Polyethylene glycol is in a class of medications called osmotic laxatives which works by causing water to be retained with the stool. PEG and lactulose, when used together, result in faster resolution of symptoms suggesting that PEG may be superior to standard lactulose therapy in these patients.
Non-absorbable sugars like lactulose are associated with non-serious (mainly gastrointestinal) adverse events like diarrhea and bloating Hence, due to the side effect profile, newer drugs continue to be tested for treatment of Hepatic Encephalopathy.
The aim of this research project is to compare the effect of PEG versus lactulose for treatment of HE in patients with liver cirrhosis. The investigators want to compare the resolution of HE as the main outcome. In addition, they will compare length of stay, non-serious (mainly gastrointestinal) adverse events, and 3 months outcome. The investigators hypothesize that rapid purgation of the gut using PEG may resolve HE more effectively than lactulose.
|Condition or disease||Intervention/treatment||Phase|
|Hepatic Encephalopathy||Drug: Polyethylene Glycols Drug: Lactulose||Phase 4|
Hepatic encephalopathy (HE) is a common neuropsychiatric complication of liver cirrhosis manifested by mild confusion, sleep disturbance or obtundation. Lactulose treatment has long been the standard of care, which presumably acidifies stool and eradicates toxic metabolites. However a third of these patients with hepatic encephalopathy do not respond to this standard treatment and have refractory HE. Hence newer drugs with effective improvement in HE and better side effect profile are still being tested.
Polyethylene glycol (PEG) is in a class of medications called osmotic laxatives which works by causing water to be retained with the stool.

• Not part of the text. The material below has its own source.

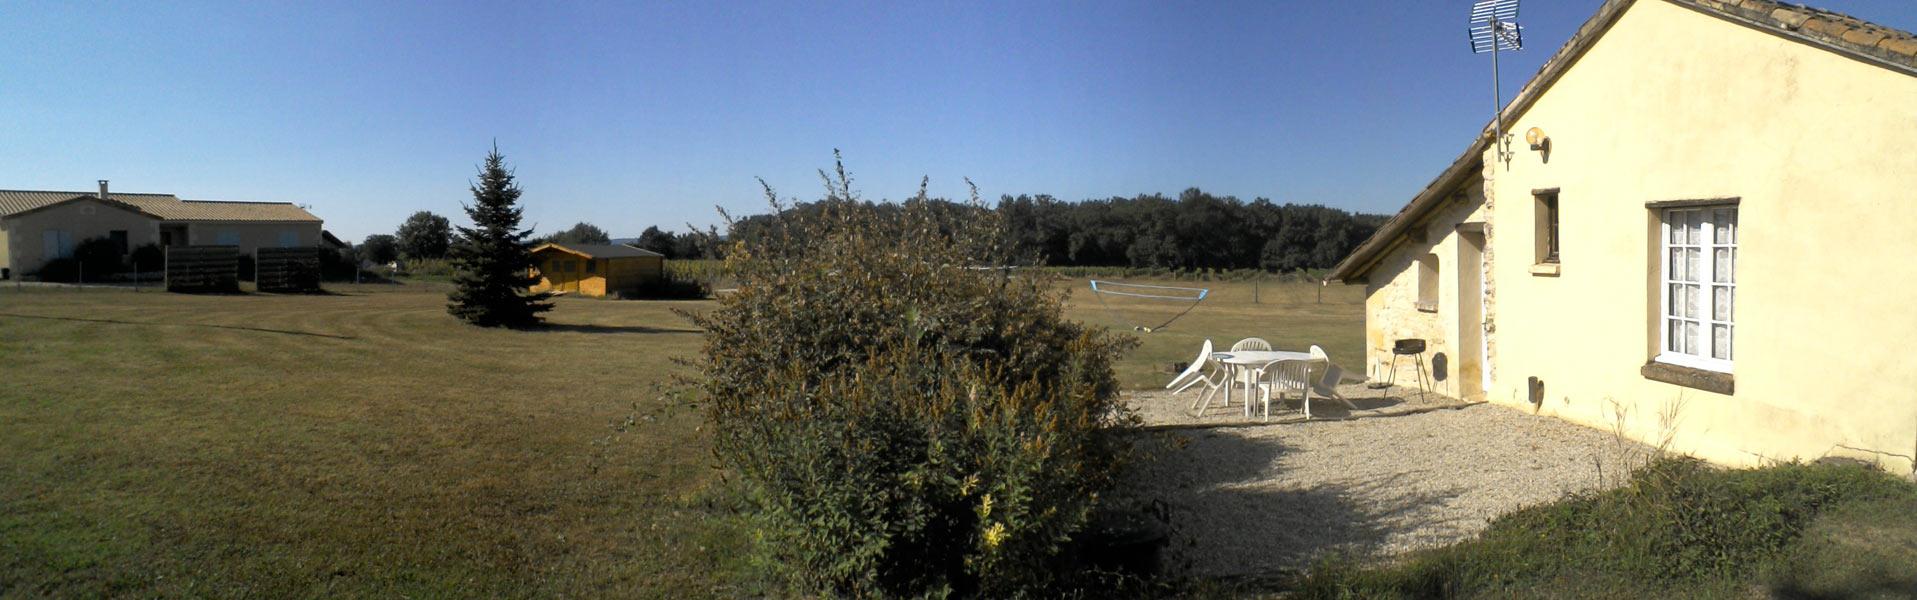 JP2_Panorama0

PEG and lactulose, when used together, result in rapid overt HE resolution within 24 hours compared to the standard-of-care lactulose, suggesting that PEG may be superior to standard lactulose therapy in patients with cirrhosis hospitalized for acute HE.
Rationale Non-absorbable disaccharides like lactulose are associated with non-serious (mainly gastrointestinal) adverse events like diarrhea and bloating, hence, due to the side effect profile, newer drugs continue to be tested for treatment of HE.

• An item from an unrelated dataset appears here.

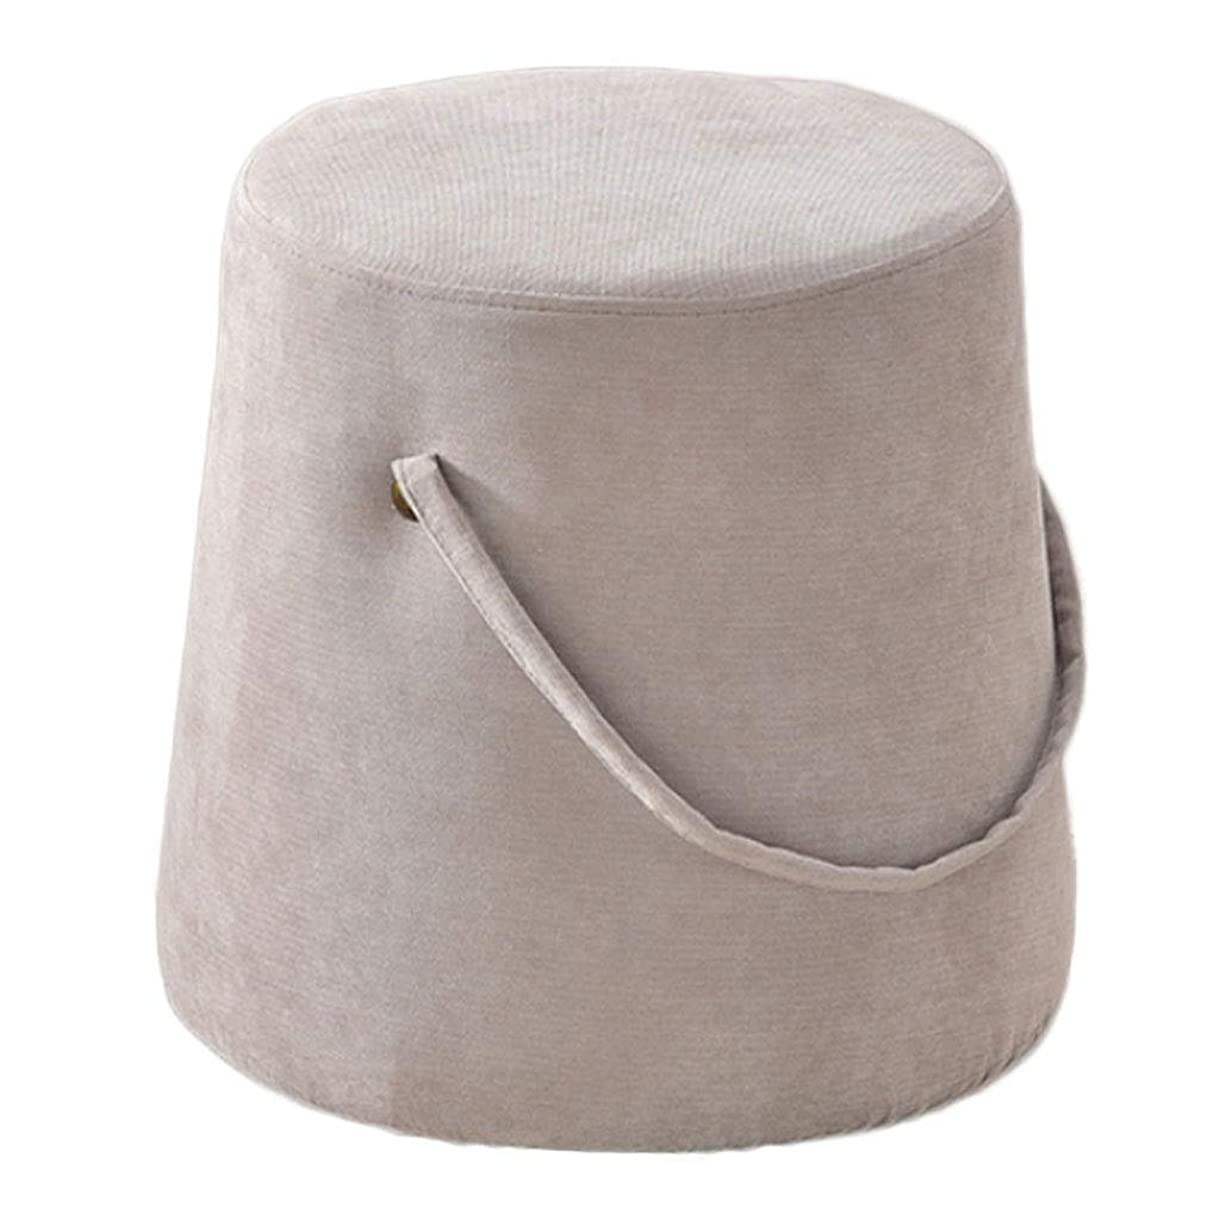 バルーン文忠誠フットスツールプーフフットスツールレストリビングルーム用の小さなオスマンベッドルームソファコーヒーテーブル、30x30x35cm、グレー、67(色:グレー-1)

Hypothesis and Aim The aim of this research project is to compare the effect of PEG with Lactulose for treatment of Hepatic Encephalopathy in patients with liver cirrhosis. The investigators want to compare the resolution of HE as the main outcome. In addition, they would compare length of stay, non-serious (mainly gastrointestinal) adverse events, and 3 months outcome. The investigators hypothesize that rapid purgation of the gut using PEG may resolve HE more effectively than lactulose.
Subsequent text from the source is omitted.